Why isn't format!("{:.2}", x) accurate?

fn main() {
    println!("{:.2}", 4.305); // 4.30 -> innaccurate
    println!("{:.2}", round_number(4.305)); // 4.31 -> accurate
}

pub fn round_number(nr: f64) -> f64 {
    (nr * 100f64).round() / 100f64
}

Why isn't {:.2} accurate by default?

Because floating-point numbers aren't decimal.

5 Likes

To elaborate, this demonstrates the precise behavior at play relatively well:

fn main() {
    println!("{:.2}", 4.305); // 4.30 -> “innaccurate”
    println!("{:.80}", 4.305); // 4.30 -> full accuracy of *actual* float
}
4.30
4.30499999999999971578290569595992565155029296875000000000000000000000000000000000

In case you wonder now “why does multiplying by 100 give the more ‘correct’ seeming result then?”, the answer is, that the deviation between 4.30499999999999971578290569595992565155029296875 and 4.305 is so small, that the floating point number closest to 430.499999999999971578290569595992565155029296875 turns out to be exactly 430.5.

fn main() {
    println!("{:.80}", 430.499999999999971578290569595992565155029296875);
}
430.50000000000000000000000000000000000000000000000000000000000000000000000000000000

Finally, if you wonder, why does println!("{}", 4.305); print something different than println!("{:.80}", 4.305), almost as if the float in question was exactly 4.305, the answer to that question in turn is: When printing a float without specifying a number of digits, then the printing algorithm will choose only as many digits as are necessary in order to converting the result back into a float to create an accurate result. Since turning the decimal number 4.305 into a float will correctly result in the floating point number 4.30499999999999971578290569595992565155029296875 being generated, that means that 4.305 is a fine choice for printing it.

10 Likes

And if you're interested in further details, there is this gem and its accompanying article, which brightened my whole day when I first stumbled across them: the world just seems a better place when you discover something so well done.

8 Likes

Ah, very nice! I’ve googled for similar tools quickly, but didn’t come across one where I could properly link to the number in question ^^

1 Like

On top of the other good answers, it's worth noting that floating point is not meant to be a perfect representation (not even of numbers with an exact representation in binary); they are meant to be an approximation of the infinite set of real numbers into a finite set, designed to be amenable to numerical analysis and also to get "good enough" results most of the time if you're not doing numerical analysis of your algorithms.
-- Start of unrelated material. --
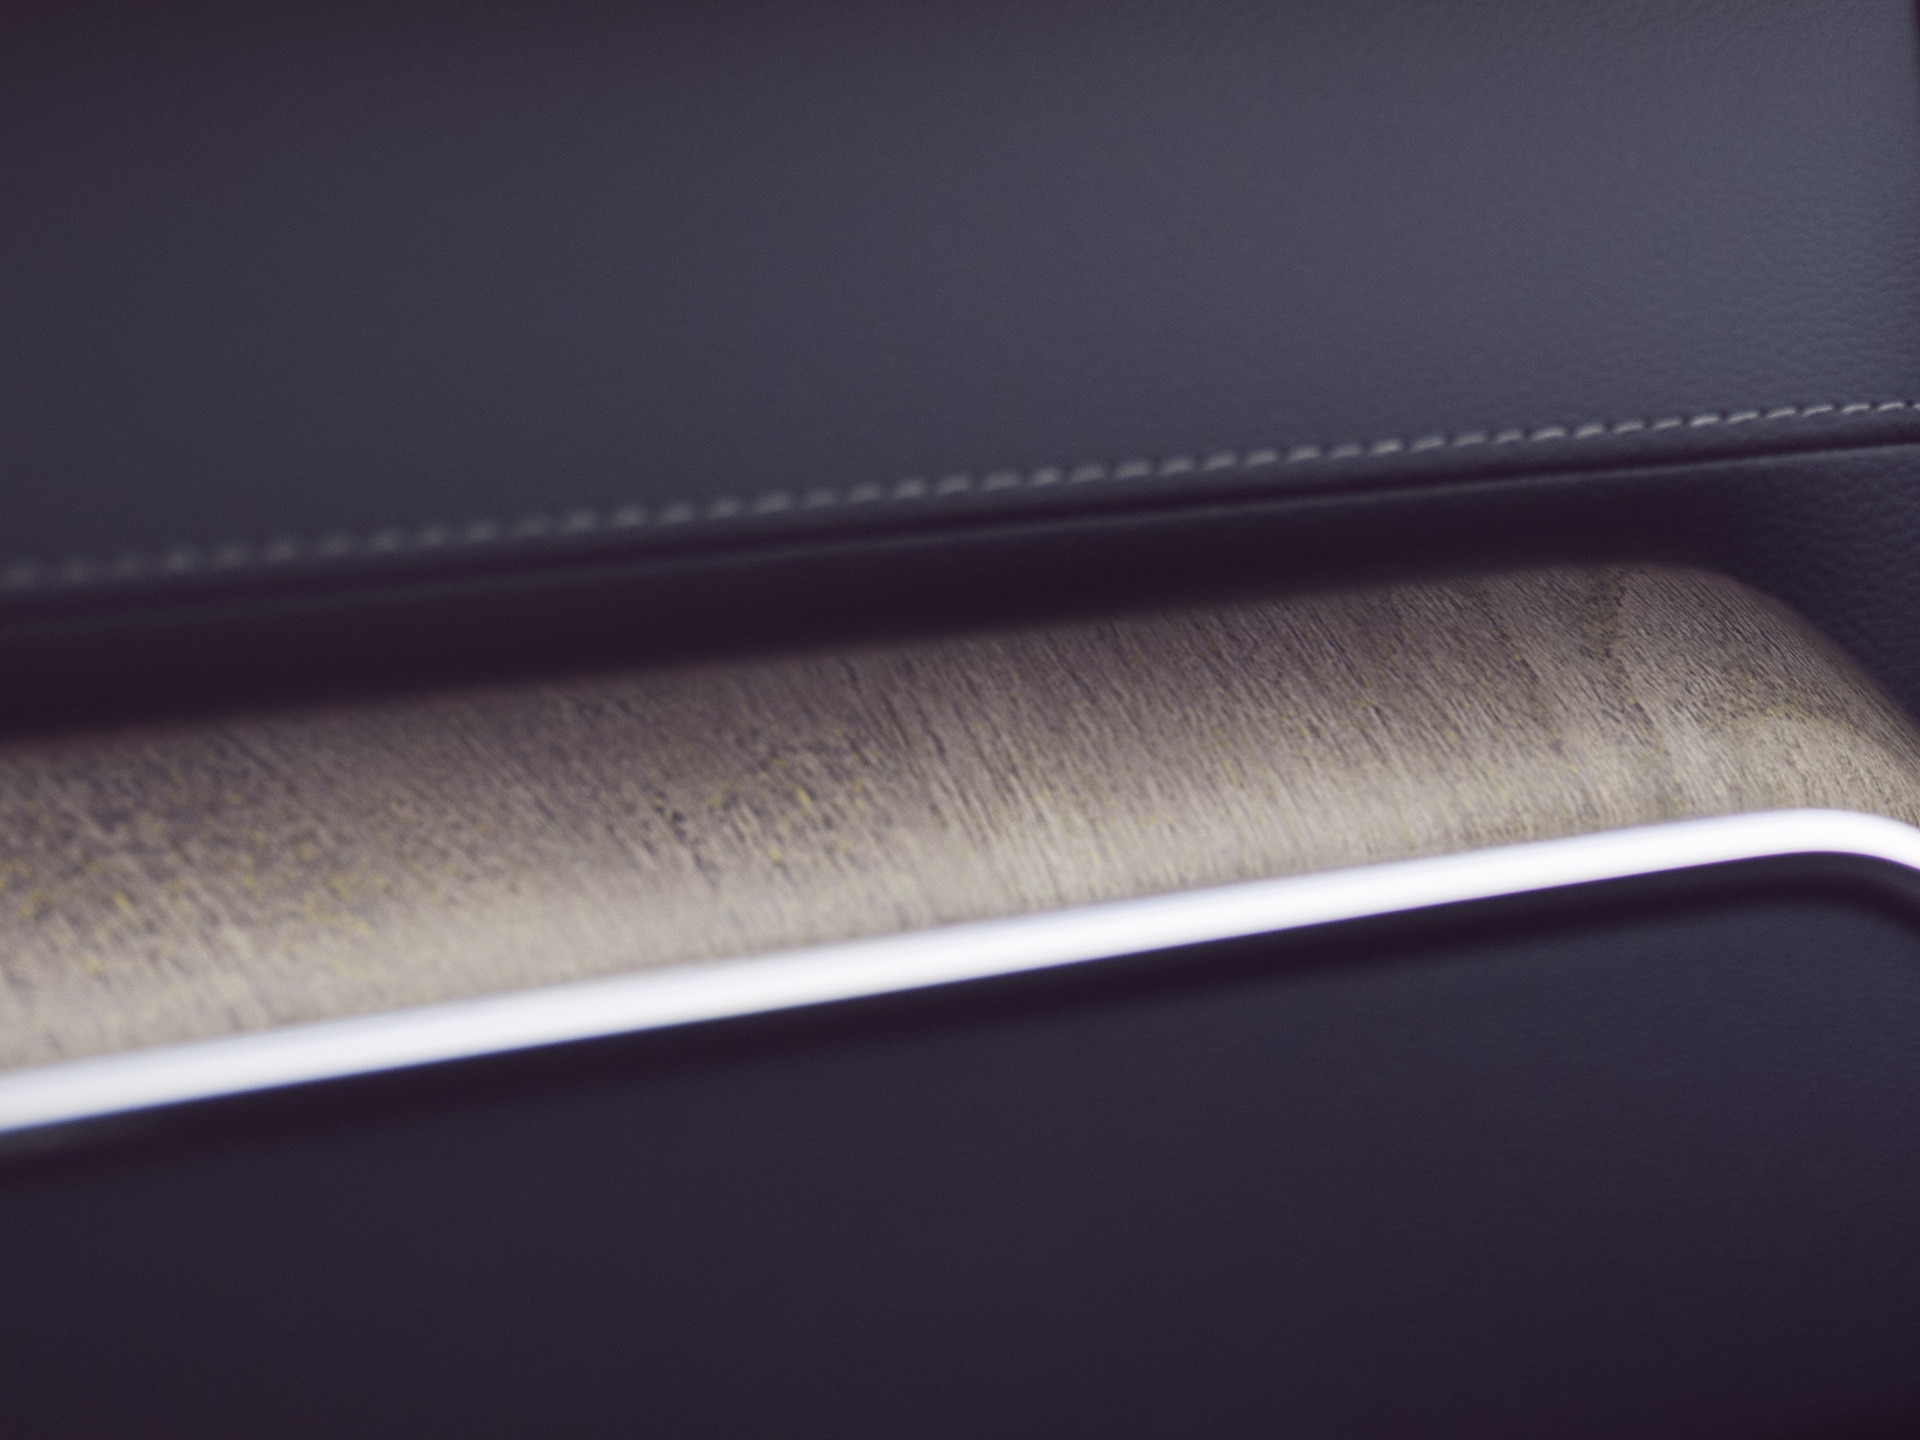 Les incrustations décoratives en bois du Volvo XC60 apportent une touche naturelle.
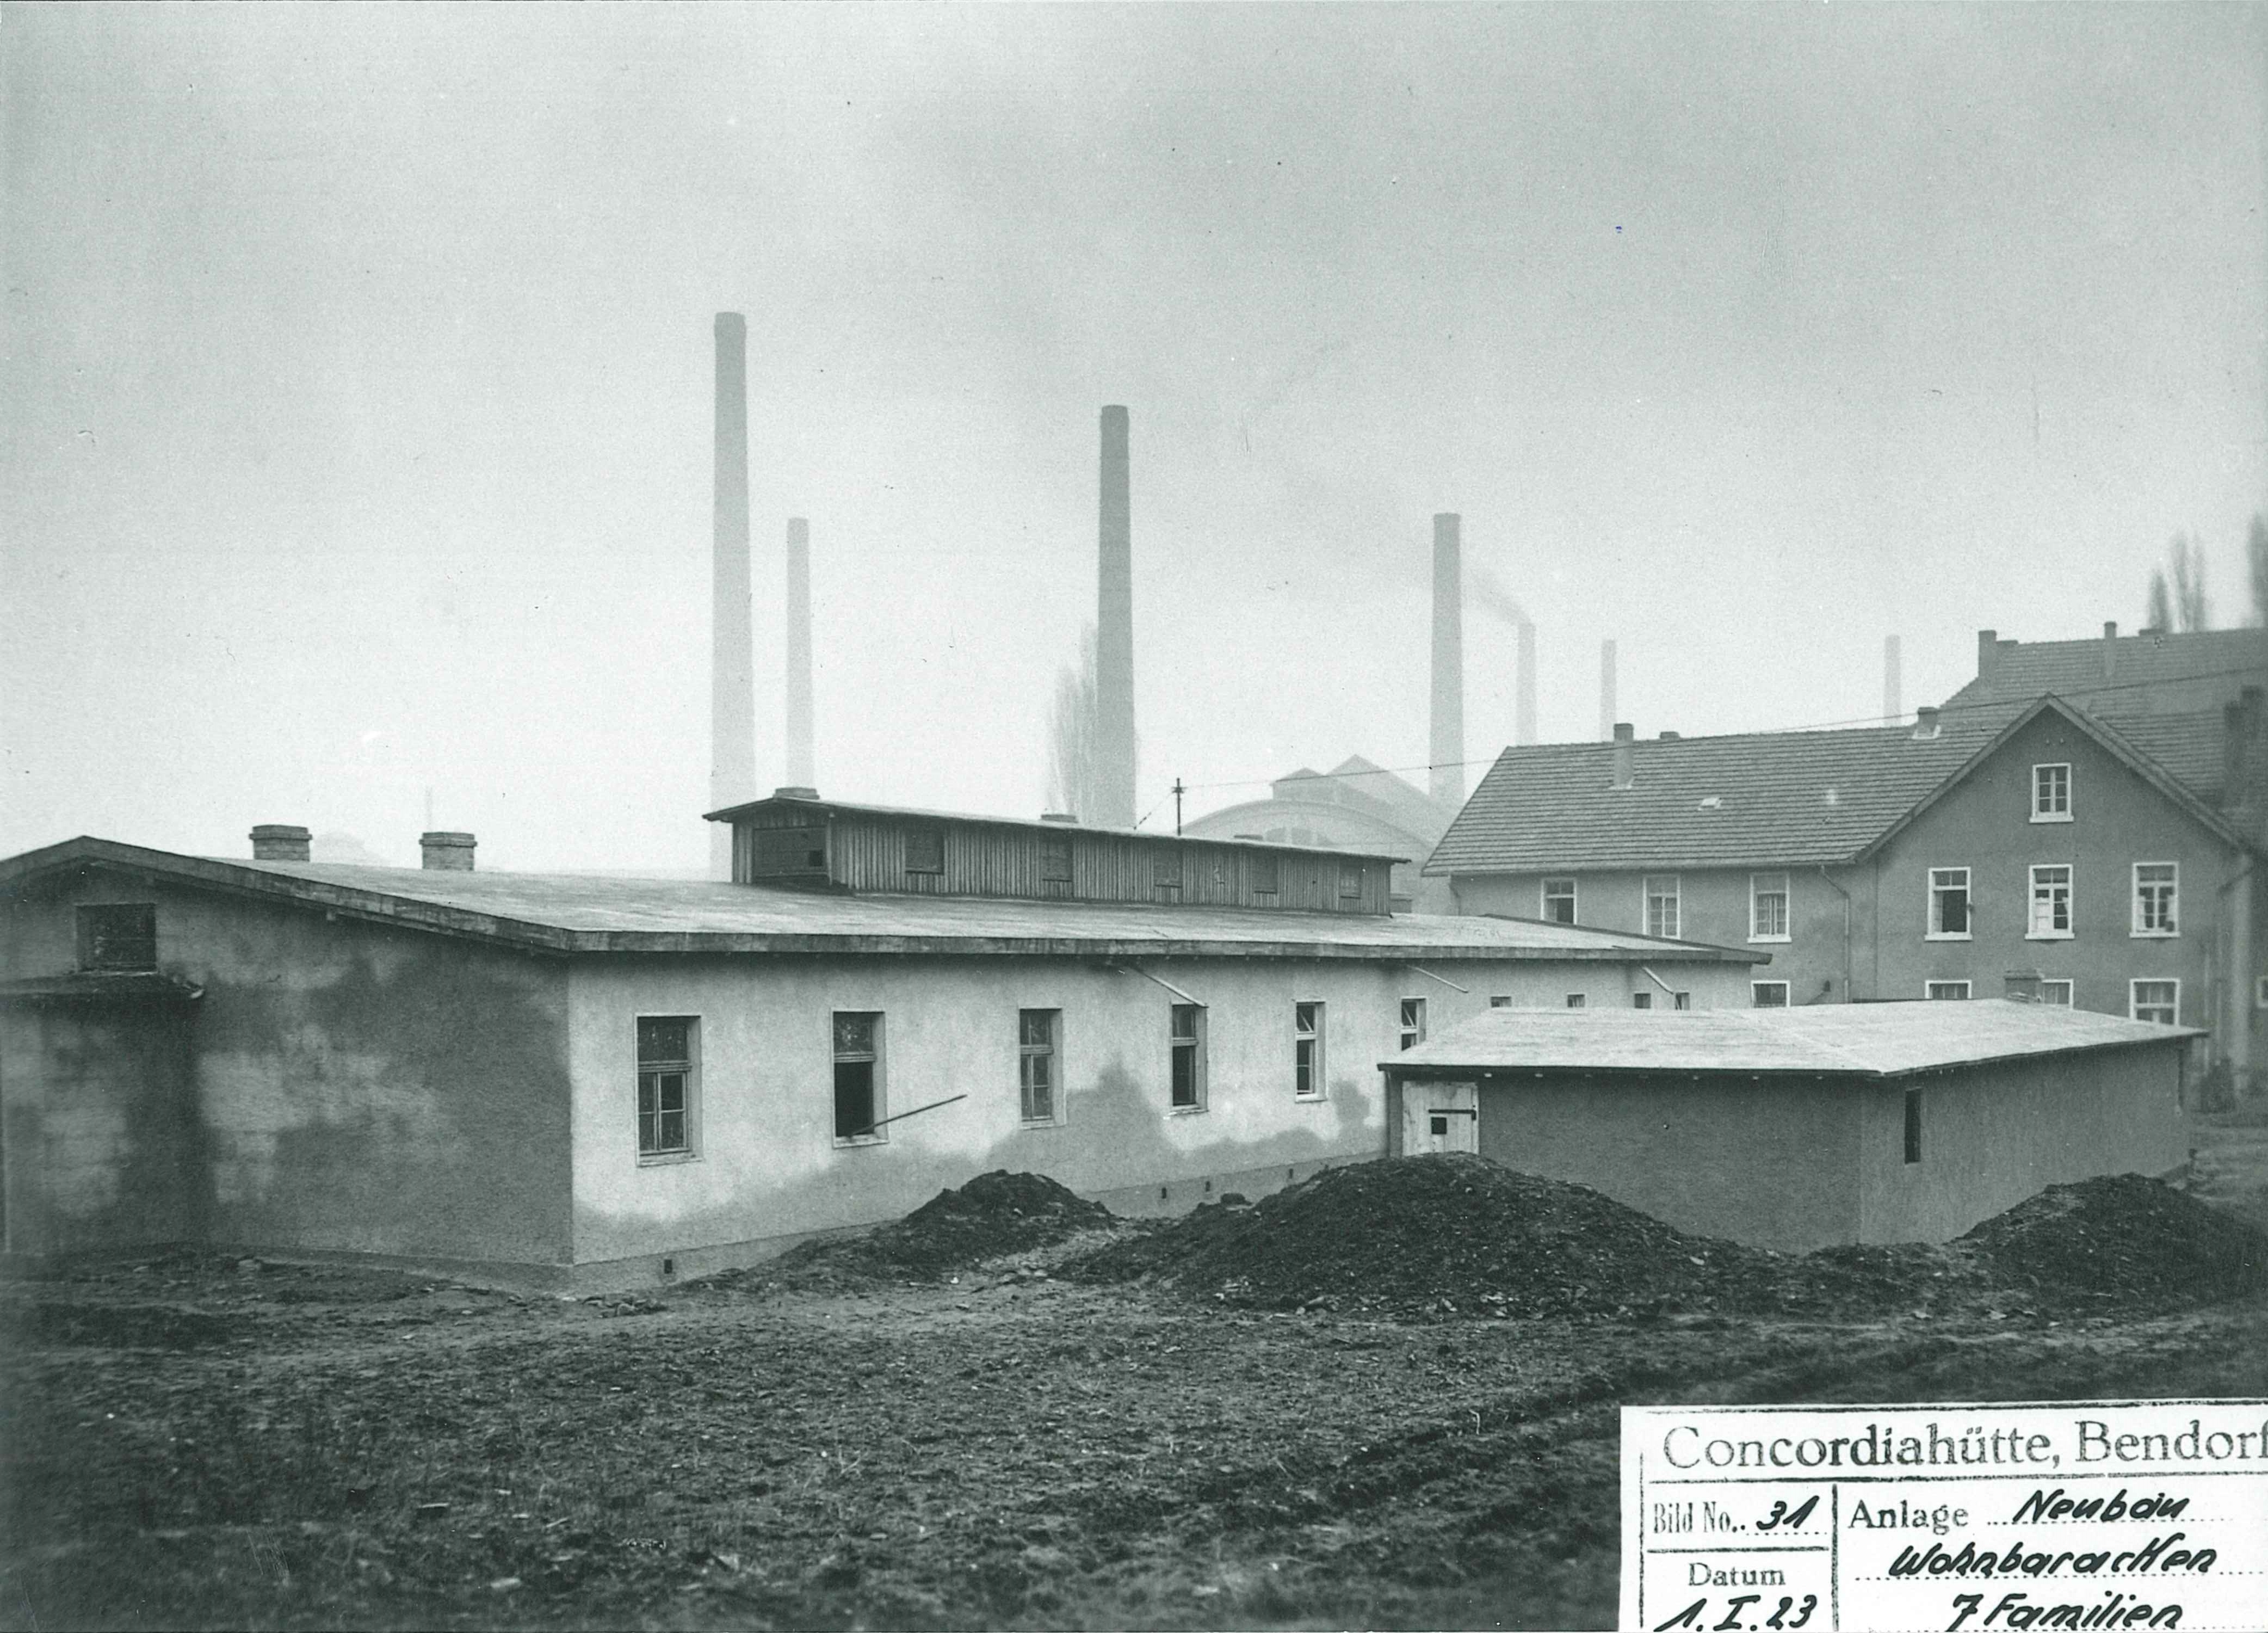 Neubau einer Wohnbaracke, Concordia-Hütte in Mülhofen, 1923 (Thyssen Konzernarchiv Duisburg CC BY-NC-SA)

In turn, numerical analysis is the field of mathematics that looks at how approximations behave algorithmically, and aims to either tell you that your algorithm can't be used to get useful results with an approximation, or what the error bound is for your algorithm. For example, naïve floating point summation has an error bound that's proportional to the number of entries in the list to be summed; a good compensated summation algorithm has an error bound that's independent of the number of entries in the list, and only depends on the range of values in the list and the precision of the floating point types in use.

5 Likes

Because your example doesn't actually show what you think it does. As proof, here's the same code with a different value to "show" that {:.2} is accurate but round_number isn't:

fn main() {
    println!("{:.2}", 4.3049999999999999); // 4.30 -> accurate
    println!("{:.2}", round_number(4.3049999999999999)); // 4.31 -> inaccurate
}

pub fn round_number(nr: f64) -> f64 {
    (nr * 100f64).round() / 100f64
}

https://play.rust-lang.org/?version=stable&mode=debug&edition=2021&gist=da4aedef8484d127fb24321f50529c5d

Rounding is a horrible operation, because any error in the input can be greatly magnified in the output.

6 Likes

This topic was automatically closed 90 days after the last reply. We invite you to open a new topic if you have further questions or comments.